在美国,极右翼政治已具体影响到华人。疫情期间亚裔仇恨犯罪显著上升;围绕“China Initiative”的执法争议,使华裔科研人员承受额外调查与职业风险;大学与研究机构对与中国的合作变得高度敏感;“中国威胁”成为选举与国会听证的高频语言。许多华人并未做错什么,却被卷入这种政治叙事。当国家安全与意识形态对立成为政治主轴时,普通华人可能成为“可以被误伤的代价”。在这一过程中,马斯克对社交媒体平台的重塑以及对“觉醒文化”、移民与言论自由的持续批评,也放大了相关话语的传播,使原本边缘的观点更容易被接受与扩散。
英国的变化方式不同,但逻辑相似。街头极右翼人物如Tommy Robinson代表情绪化表达;但更关键的是政治层面的议题变化:移民规模、国家身份以及制度是否“过度保护少数群体”逐渐成为主流讨论。新极右翼政党改革党已经使这些议题进入议会层面的政策讨论。虽然不会出现明显针对华人的口号,但政策变化会首先体现在华人常见的身份上:餐饮、零售、小商户、陪读家属等。
也正因为如此,过去30年,“HOPE not hate”持续关注的并非街头极端分子,而是极端情绪如何通过媒体与选举语言进入主流政治,进而影响政策环境。“HOPE not hate”是英国一家长期从事反极端主义研究、社区教育与公共政策倡议的非营利组织。其创始人Nick Lowles反复强调的,是这种从话语到政策的变化路径。
一个对华人更现实的因素是:我们是英国最沉默、政治上最没有力量的社区,没有之一。大多数华人长期专注于经济生存与发展,过好小日子,很少参与公共事务,也缺乏与议会和地方政府的持续关系。一旦移民整体成为政治替罪羊,华人由于缺乏政治表达与组织能力,极其容易成为首批被波及、却不懂发声和自我保护的一群。
这种变化也许不会表现为明显的歧视,而是更隐蔽的现实:当规则被制定、被收紧时,很少有人会主动想到华人会受到什么影响。规则本身不会写着“针对华人”,但华人会在每一次变化中,成为最先感受到压力的群体。

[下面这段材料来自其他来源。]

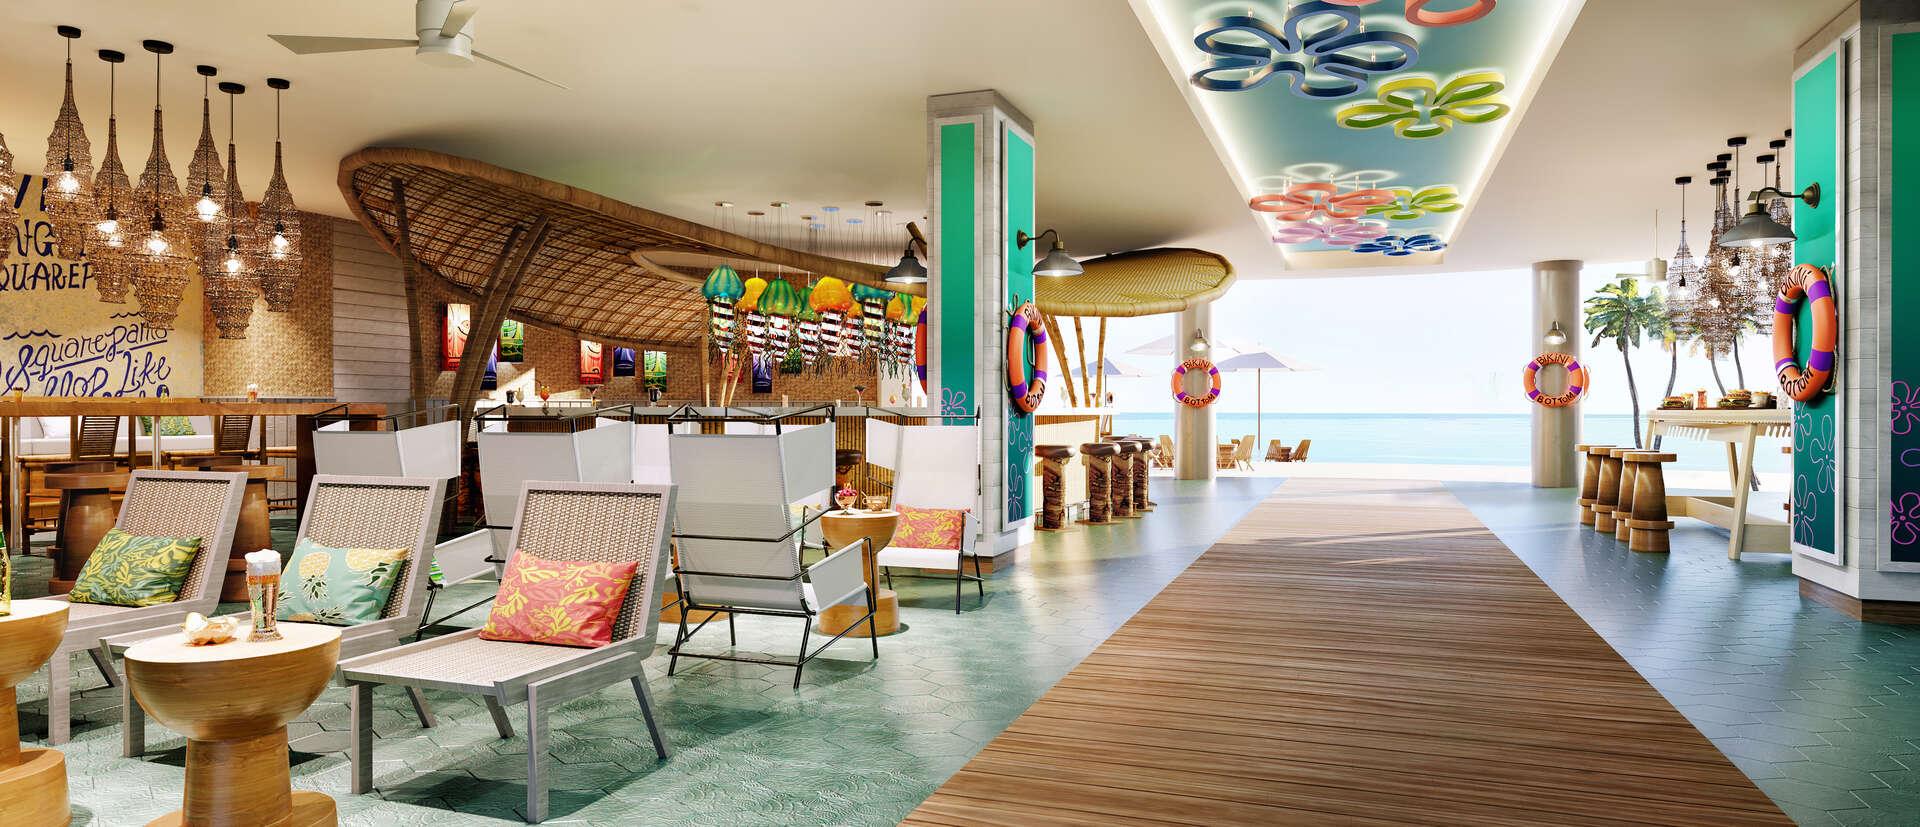 Hotel Nickelodeon Riviera Maya: Dónde está, precio, fotos y más

因此,华人需要意识到,今天的安全感并非自然状态,而是一整套社会与政治努力的结果。现在,极右翼势力在增加,但这堵保护墙仍然存在。华人若继续把安全视为理所当然,等到墙变薄时才反应,往往为时已晚。只有与其他少数族裔移民一道,在公共事务中发声,与“HOPE not hate”这样的组织一起,共同维护这堵安全之墙,华人才能继续生活在一个安全规则仍然会把自己考虑与计算在内的社会。